La vertenza, già. Questa infinita discesa di Fiorucci, un marchio che conserva agli occhi di molti prestigio e fama, ma che, crisi dopo crisi, fin dal lontano 1996, ha imboccato la strada del passaggio di mano. Ognuno di quelli che lo prendeva – multinazionali, fondi di investimento – rubava un pezzetto e lo lasciava più povero. “L’amministratore delegato ci ha detto che questa azienda l’ha pagata un euro. Questa è un’azienda fallita – ci ha detto – che vale un euro. Ma se è fallita, che te la sei comprata a fare? Allora vuoi grattare il fondo anche tu”. Esce fuori la rabbia e lo sconcerto di chi l’ha fatta veramente la fortuna di questo marchio, un giorno dopo l’altro, a confezionare affettati, mentre ai piani alti si ragionava solo di quanto e come spremerlo.

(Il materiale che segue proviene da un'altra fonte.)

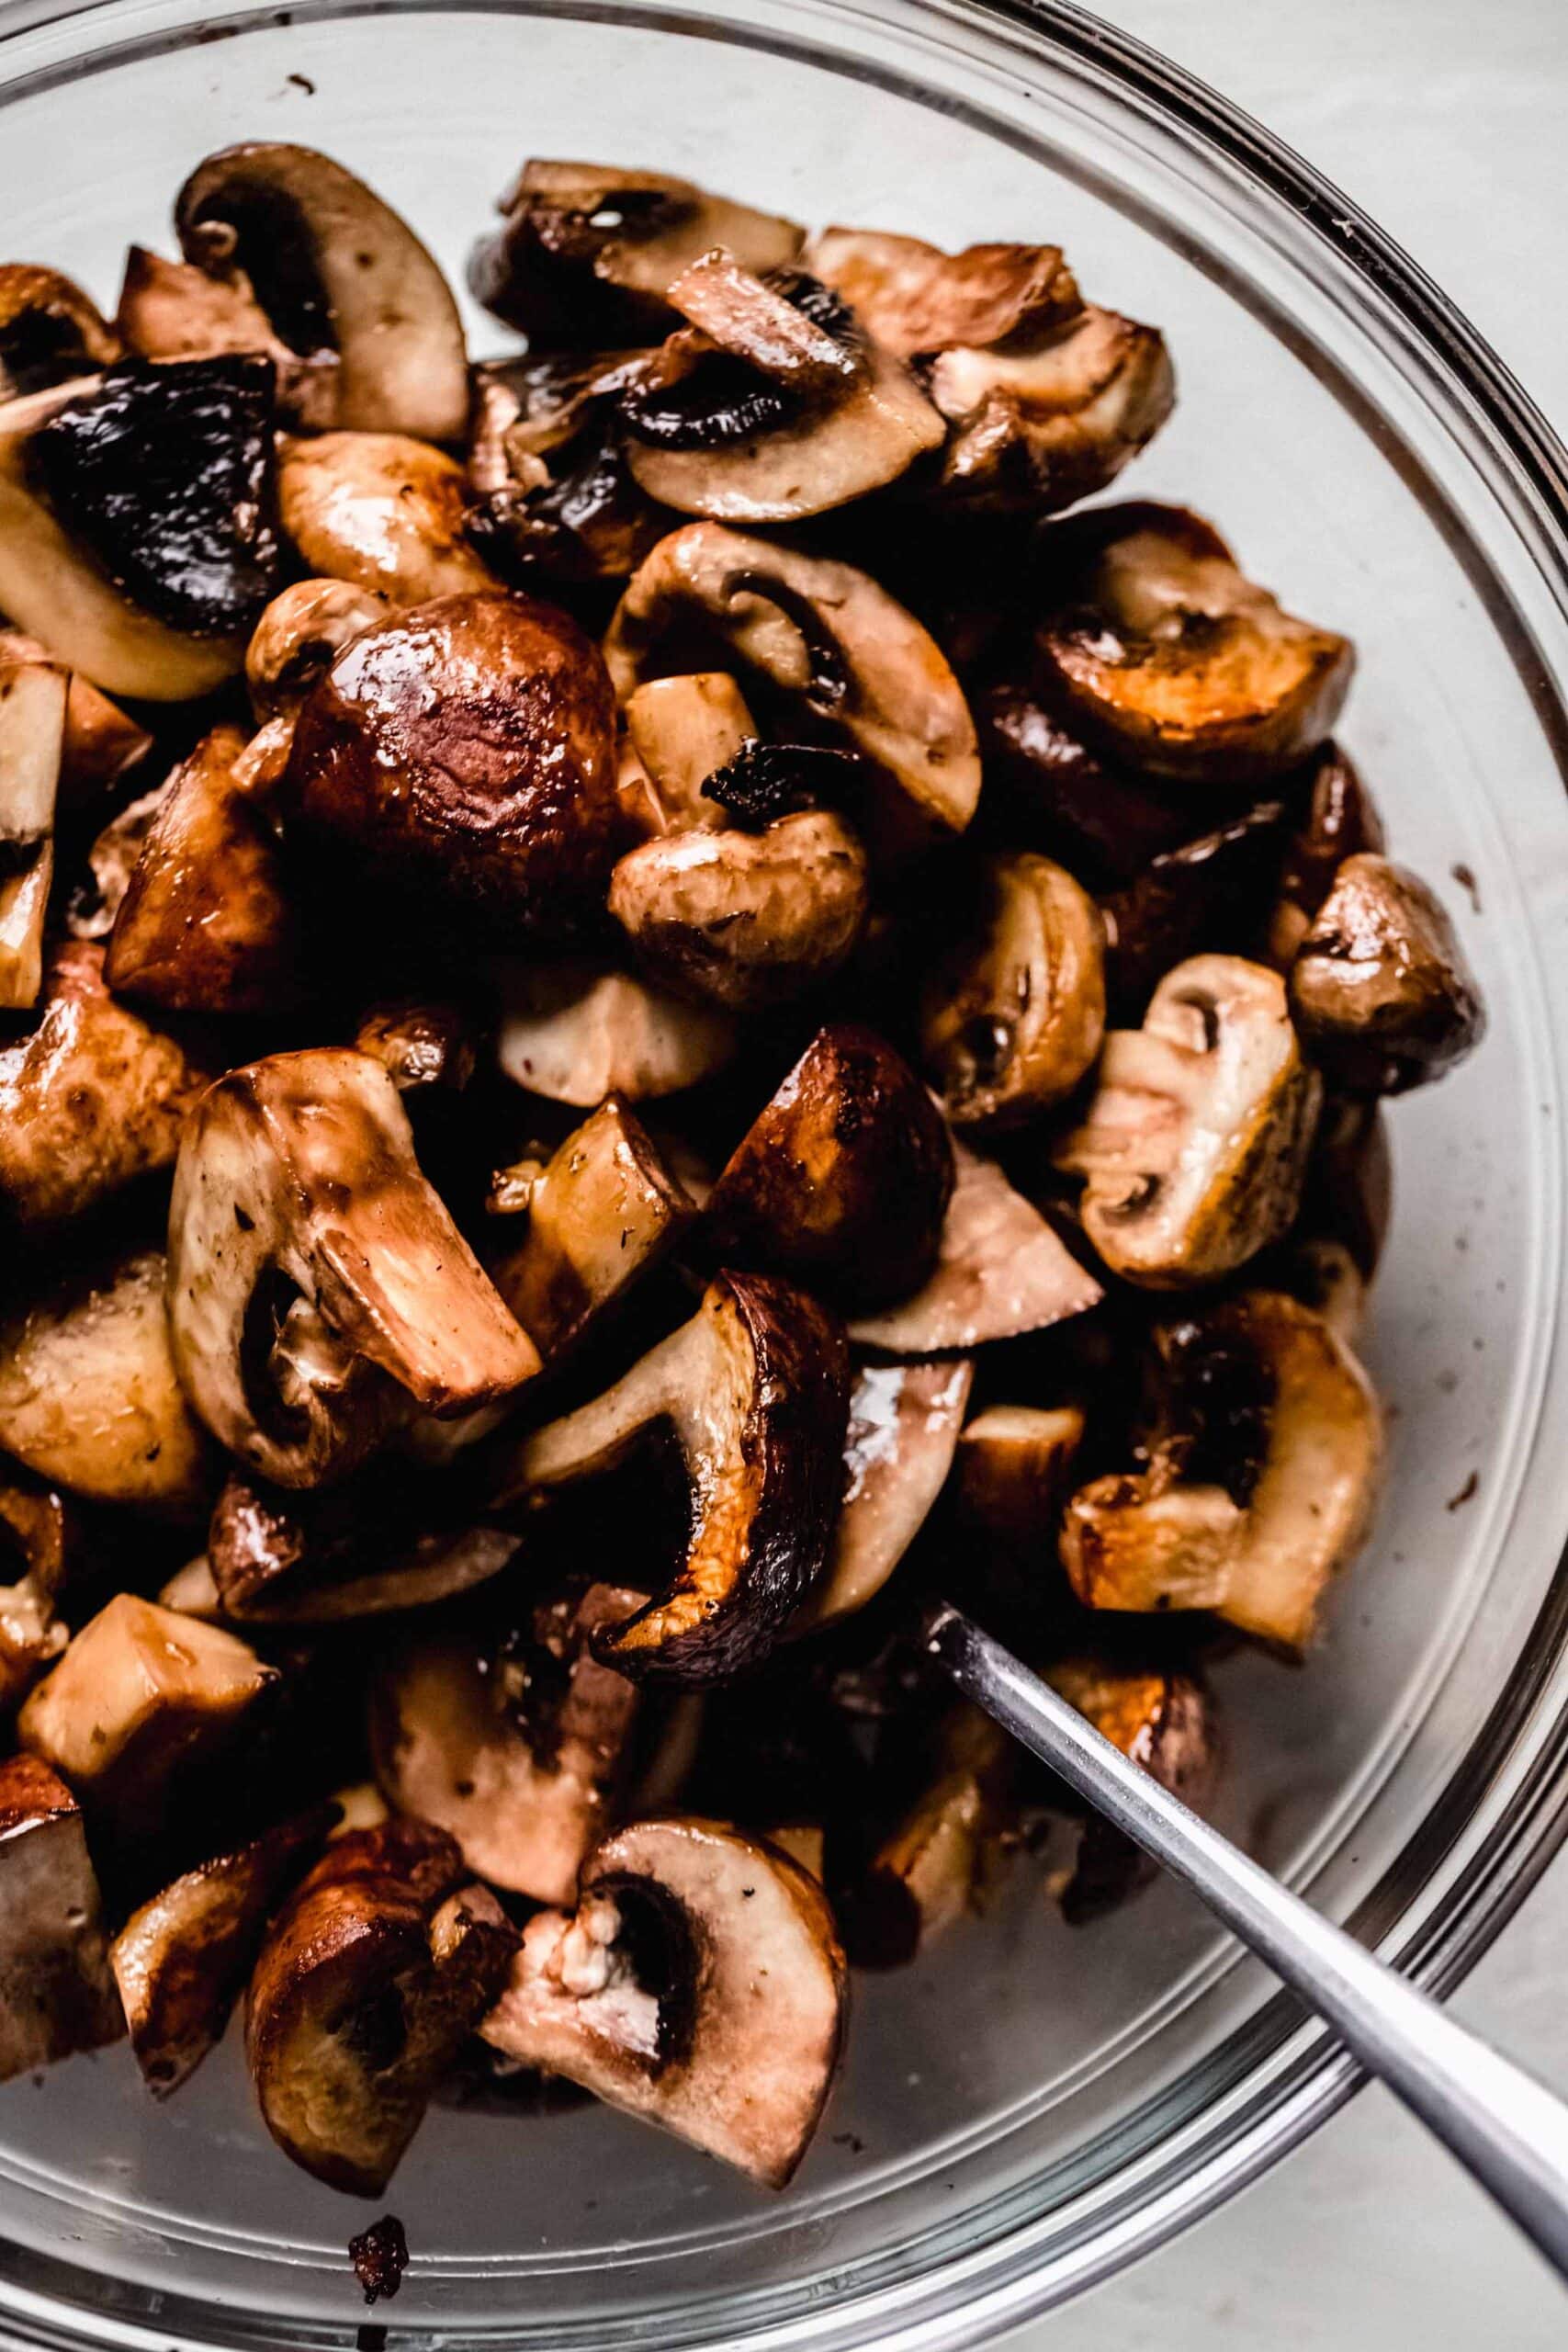 Sauteed mushrooms in bowl.

"Gli ultimi e attuali proprietari si sono insediati ad agosto. E a novembre ci hanno dato il buongiorno, aprendo questa procedura di licenziamento per il 55% della forza lavoro. Se calcolate che fino al giorno prima noi quotidianamente avevamo dentro allo stabilimento 30 o anche 40 interinali che facevano una parte importante e faticosa del lavoro, perché qui siamo tutti in età avanzata e pieni di acciacchi, pensate a quante braccia servono per mandarla avanti. Anche perché qui per fatturare, non avendo mai puntato sull’innovazione di prodotto, servono grandi quantità, tonnellate, non quintali. Se adesso tu smonti l’azienda, da 400 ci porti a meno di 200, me lo dici come speri di farlo davvero il lavoro?”.
Lunedì scorso si sono chiusi i 45 giorni della procedura. Dopo lo sciopero e il presidio di oggi, 18 gennaio, si attende domani il primo incontro dei 30 giorni della fase istituzionale. “Presumibilmente ci sposteremo al ministero – ci spiega Antonio Del Brocco, segretario Flai Cgil Roma Lazio –. L'azienda non vuole attivare gli ammortizzatori sociali ma soltanto gli incentivi all'esodo. È l’ennesima deindustrializzazione: oggi fanno i licenziamenti e spostano – dicono – gli investimenti al biennio 2025/2026. La protesta ha lo scopo di sollecitare la Regione affinché convinca l’azienda a utilizzare gli ammortizzatori sociali. Di 170 esuberi solo una settantina sono pensionabili sfruttando i due anni di Naspi. Ne resterebbero fuori circa in 100. E intanto l’azienda che per funzionare, produrre e restare sul mercato ha bisogno di braccia finirà per esternalizzare”.